|Kurt Busch was dominant at Infineon on Sunday on the way to his first|
road course win. Credit: Robert Laberge/Getty Images for NASCAR
After a double dose of road course racing in NASCAR, drivers’ tempers were flaring and emotions were on high after the Sprint Cup Series converged on Infineon and the Nationwide Series visited Road America. In the past few years, the beatin’ and bangin’ at the road courses has produced the drama between drivers that was once a staple of NASCAR’s short tracks.
In this week’s Motor Mouth, we’ll look at how one team who seemingly broke down at one of those short tracks overcame their struggles to find victory at Infineon, as well as my thoughts on the place of road courses in NASCAR’s schedule.

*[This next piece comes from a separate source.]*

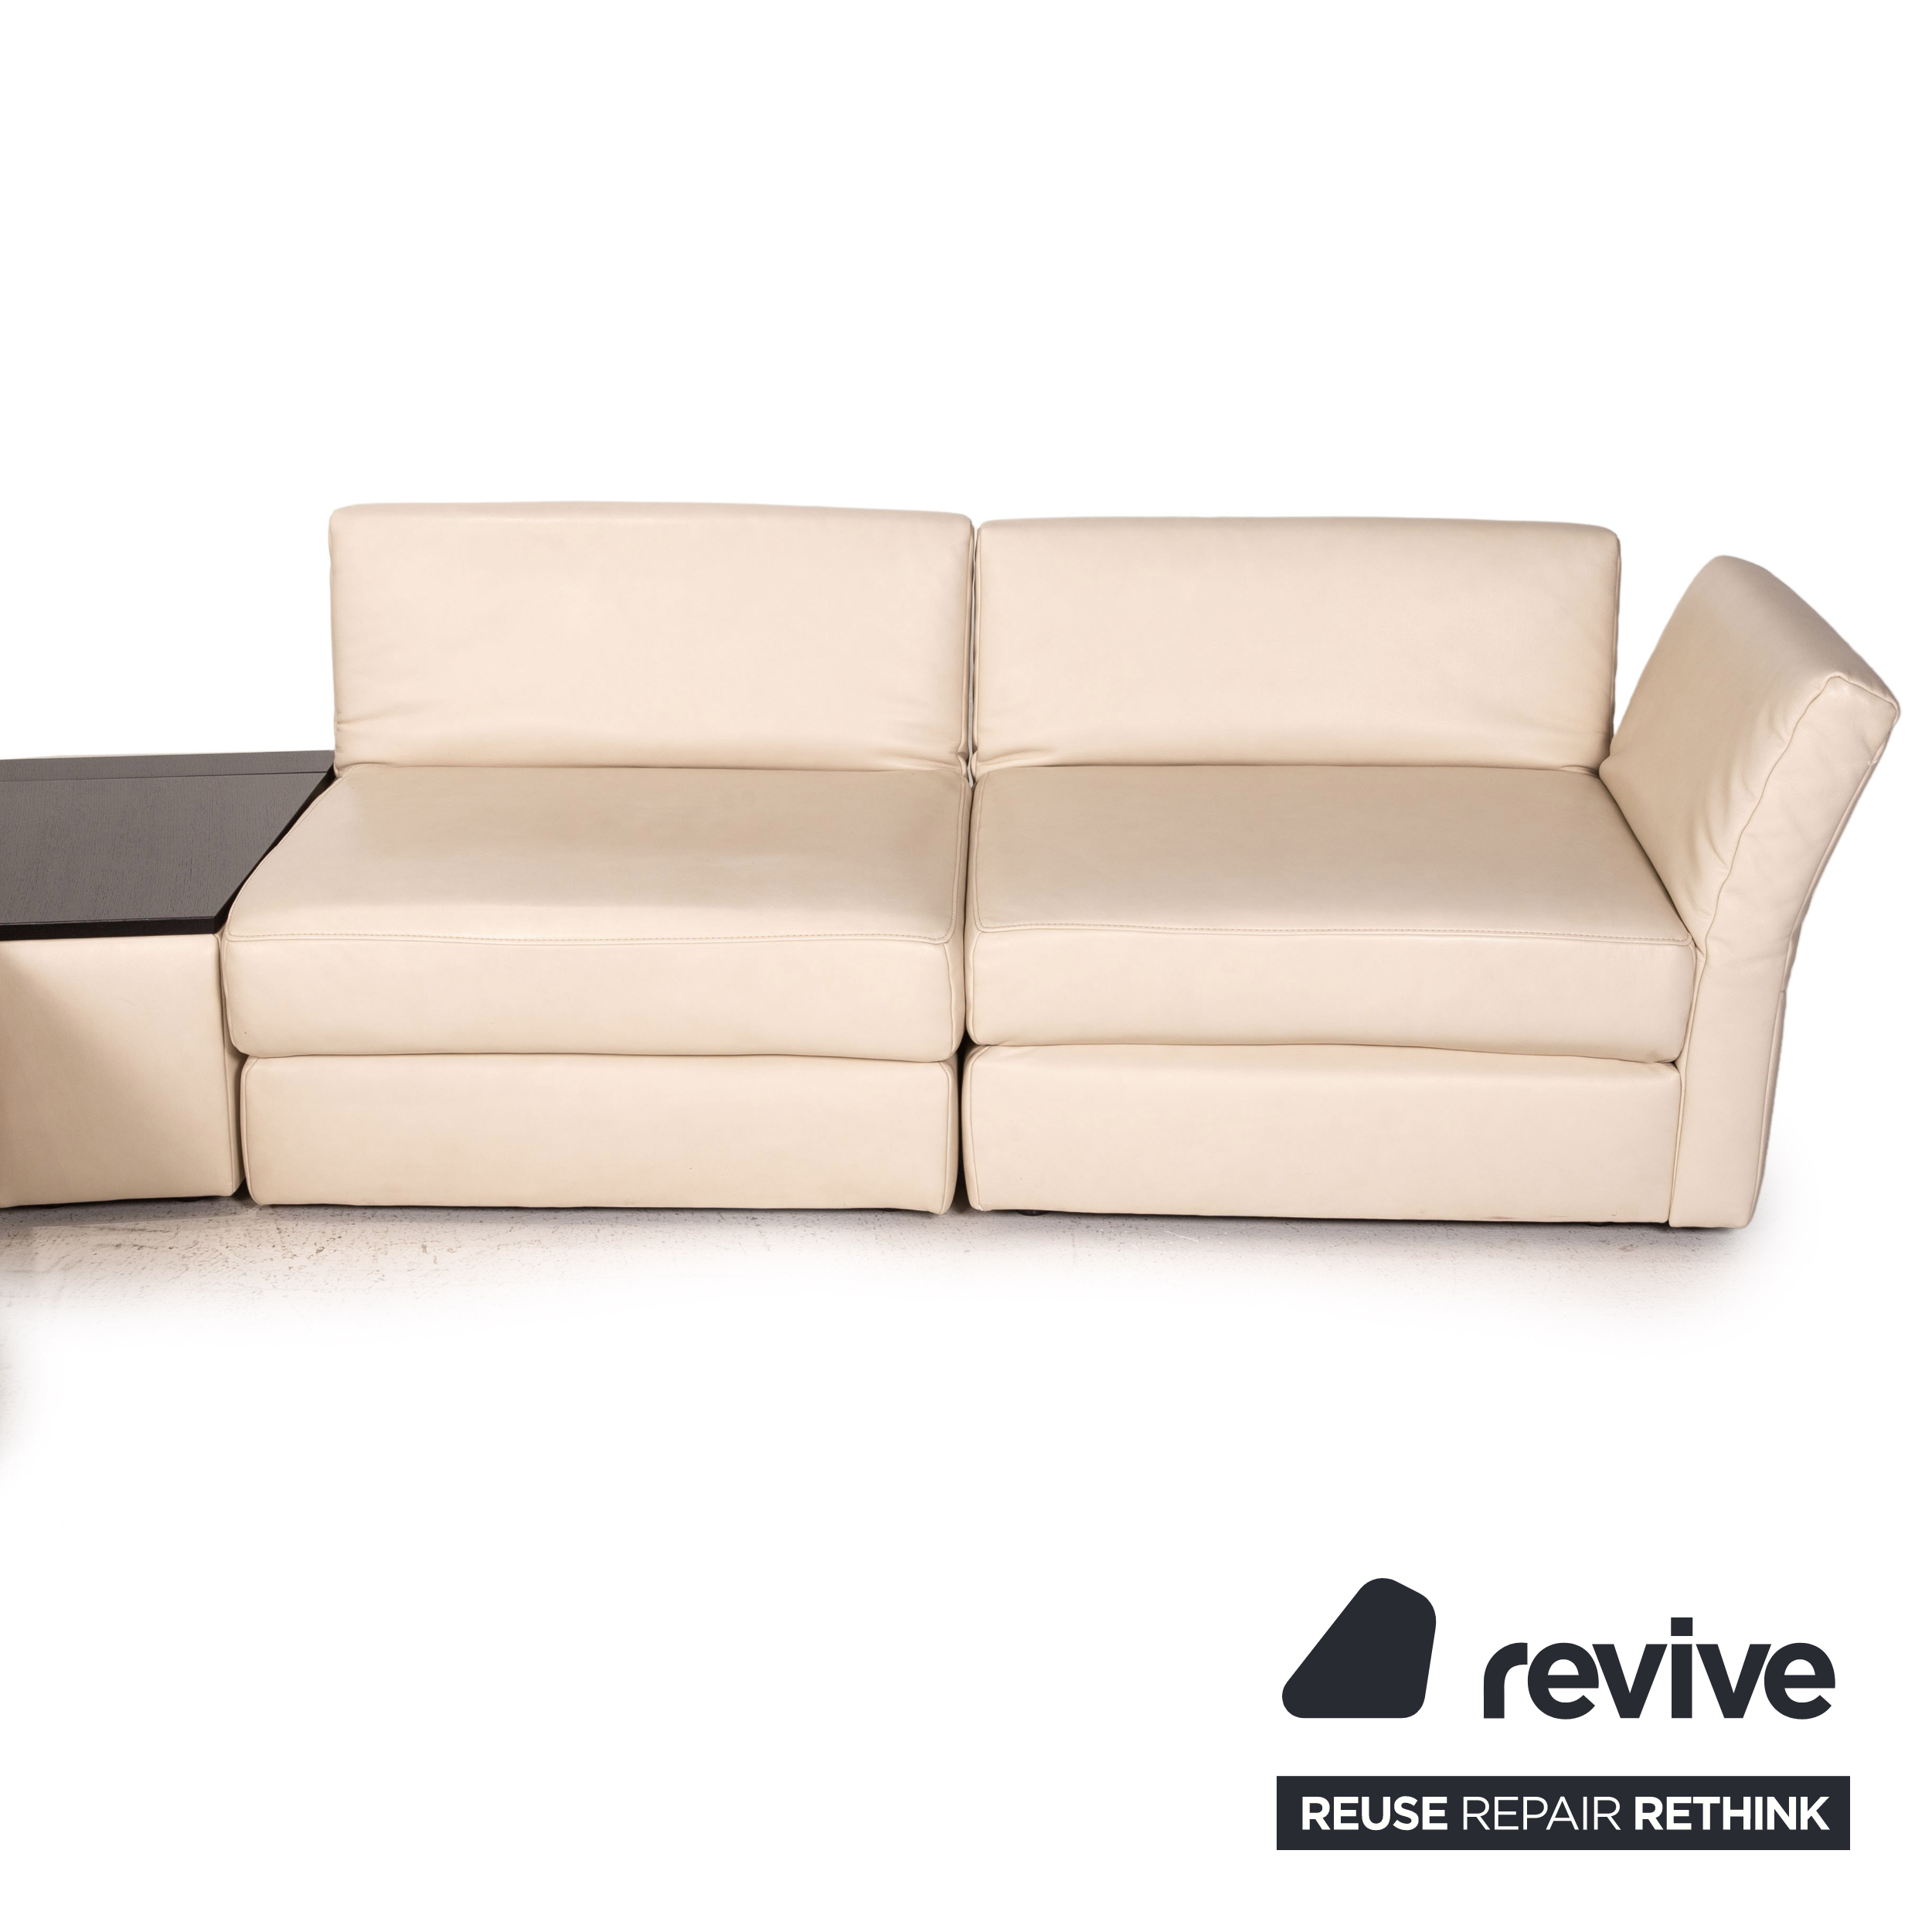 Koinor Avanti Leather Corner Sofa Beige Sofa Couch Function   eBay

PENSKE'S TURNAROUND PROPELS BUSCH
At Richmond, where we saw more drivers lash out at their own teams than each other, it was one of these driver/team combinations who turned it around to become the cream of the crop at Infineon.
In less than two months since that fateful day at Richmond, Penske Racing implemented some much needed change to its struggling Sprint Cup program after Kurt Busch launched a profanity-filled scanner tirade directed at his team. Busch had been running three laps down, doomed to finish 22nd. It was the straw that broke the camel’s back, the buildup of frustration after the season had started out so promising for the No. 22.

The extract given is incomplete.